For instance, can I add an Input() layer with trainable=True with all other layers set to trainable= False. Can backprop in keras update more than just layer weights? Or is there a way to hack keras layers to do this?
Any suggestions welcome.
thanks
I figured out how to do this (exactly) in Keras by looking at fchollet's post here
Using the keras backend I was able to compute the gradient of my loss w.r.t to Z directly and used it to drive the update.
Code below:
import keras.backend as K
import numpy as np
model.summary() #Pretrained model
loss = K.categorical_crossentropy(Y, Y_out)

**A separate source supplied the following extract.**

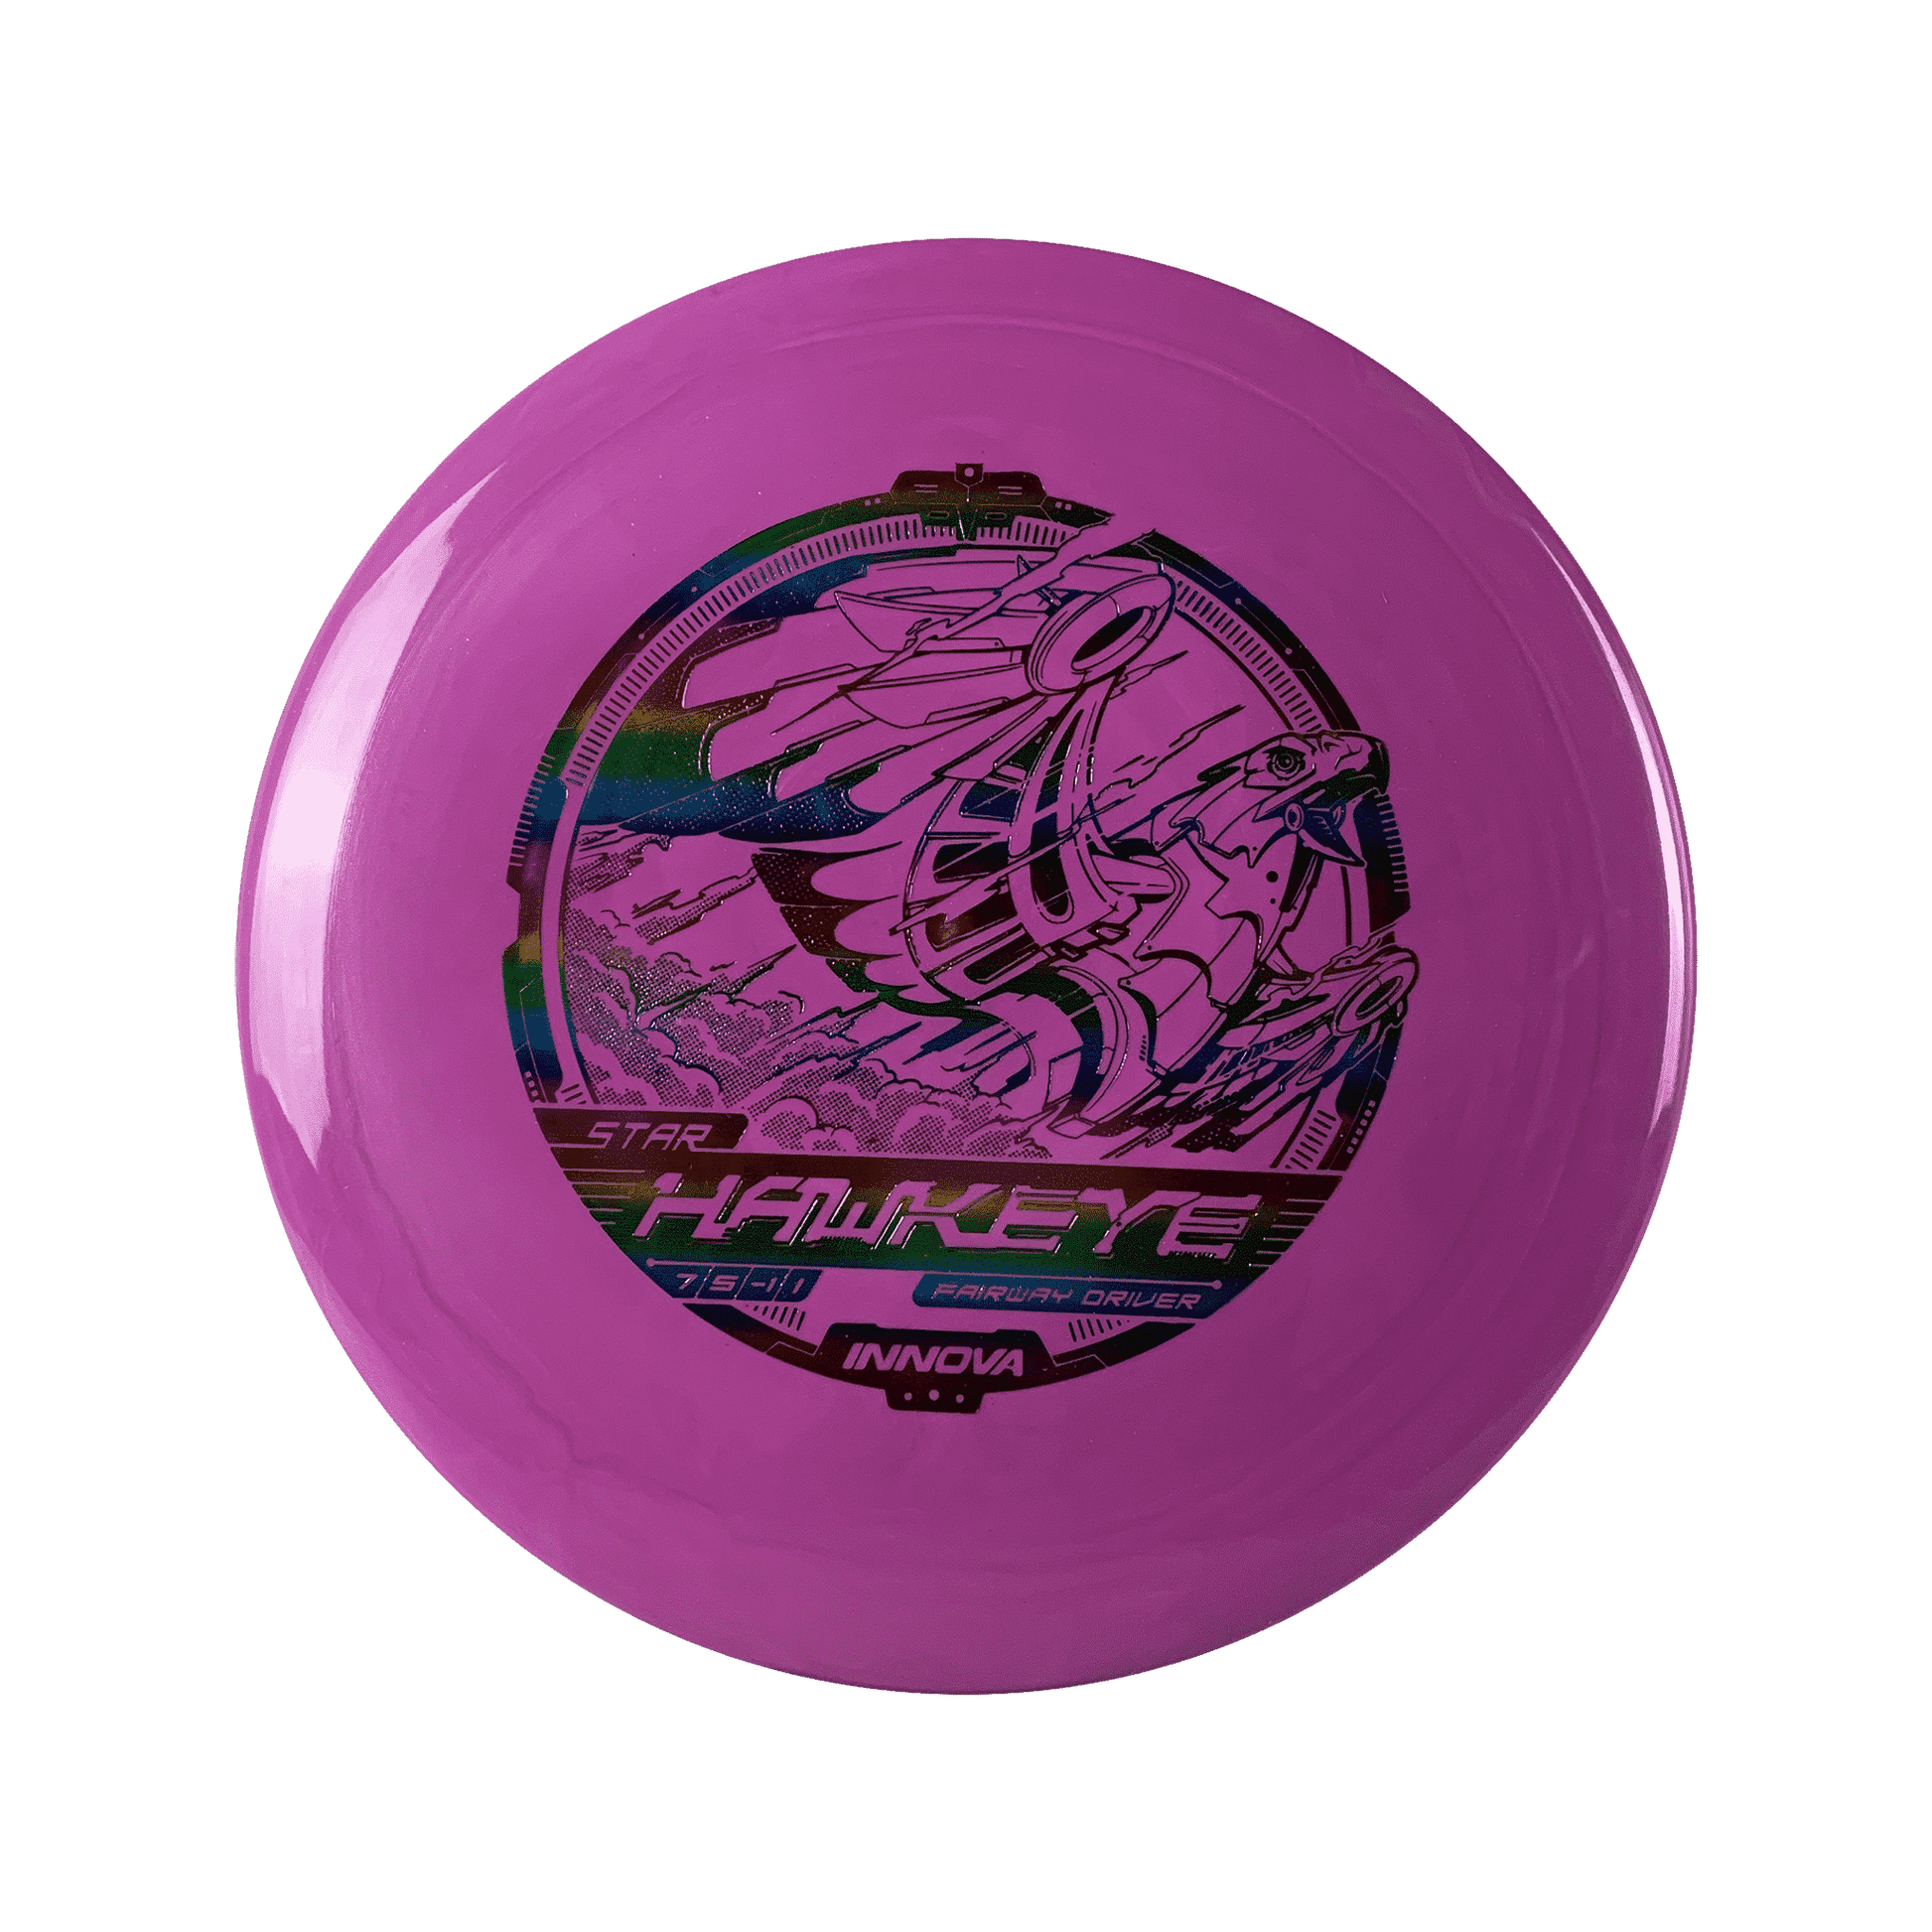 Star Hawkeye Disc Innova pink 173

grads = K.gradients(loss, Z)
grads /= (K.sqrt(K.mean(K.square(grads)))+ 1e-5)
iterate = K.function([X,Z],[loss,grads])
step = 0.1
Z_adapt = Z_in.copy()
for i in range(100):
loss_val, grads_val = iterate([X_in,Z_adapt])
Z_adapt -= grads_val[0] * step
print "iter:",i,np.mean(loss_value)
print "Before:"
print model.evaluate([X_in, Z_in],Y_out)
print "After:"
print model.evaluate([X_in, Z_adapt],Y_out)
X,Y,Z are nodes in the model graph. Z_in is an initial value for Z'. I set it to an average value from the train set. Z_adapt is after 100 iterations of gradient descent and should give you a better result.
Assume that the size of Z is m x n. Then you can first define an input layer of size m * n x 1. The input will be an m * n x 1 vector of ones. You can define a dense layer containing m * n neurons and set trainable = True for it. The response of this layer will give you a flattened version of Z. Reshape it appropriately and give it as input to the rest of the network that can be appended ahead of this.
Keep in mind that if the size of Z is too large, then network may not be able to learn a dense layer of that many neurons. In that case, maybe you need to put additional constraints or look into convolutional layers. However, convolutional layers will put some constraints on Z.